This will be a notebook where I explore a data set with multiple algorithms and see what observations can be made
This algorithm takes data points and attempts to classify them against an x and y based on its nearest neighbors. Changing K changes the amount of neighbors tested. The neighbor with the highest count is decided to be the group that the data point belongs to.
# Import Libraries
import pandas as pd
import numpy as np
from sklearn.preprocessing import LabelEncoder
from sklearn.model_selection import train_test_split
from sklearn.neighbors import KNeighborsClassifier
# Load the data set
data = pd.read_csv('data/6class.csv')
# Label encode the star color and spectral class
le = LabelEncoder()
data['Star color'] = le.fit_transform(data['Star color'])

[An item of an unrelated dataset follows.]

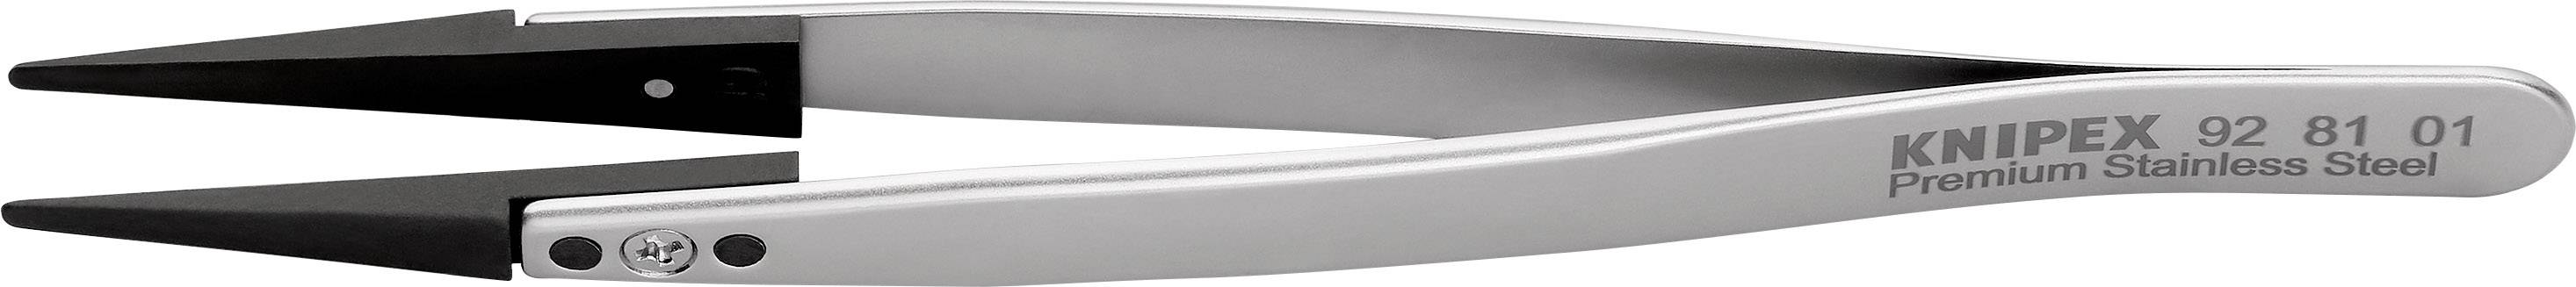 KNIPEX 92 81 01 ESD-Pinzette mit Wechselspitzen 1 Stück Stumpf 130 mm

data['Spectral Class'] = le.fit_transform(data['Spectral Class'])
X = data.drop(['Star color'], axis=1)
y = data['Star color']
X_train, X_test, y_train, y_test = train_test_split(X, y, test_size=0.2, random_state=42)
Now let us take a look at what these neighborhoods look like
from mpl_toolkits.mplot3d import Axes3D
import matplotlib.pyplot as plt
fig = plt.figure()
ax = fig.add_subplot(111, projection='3d')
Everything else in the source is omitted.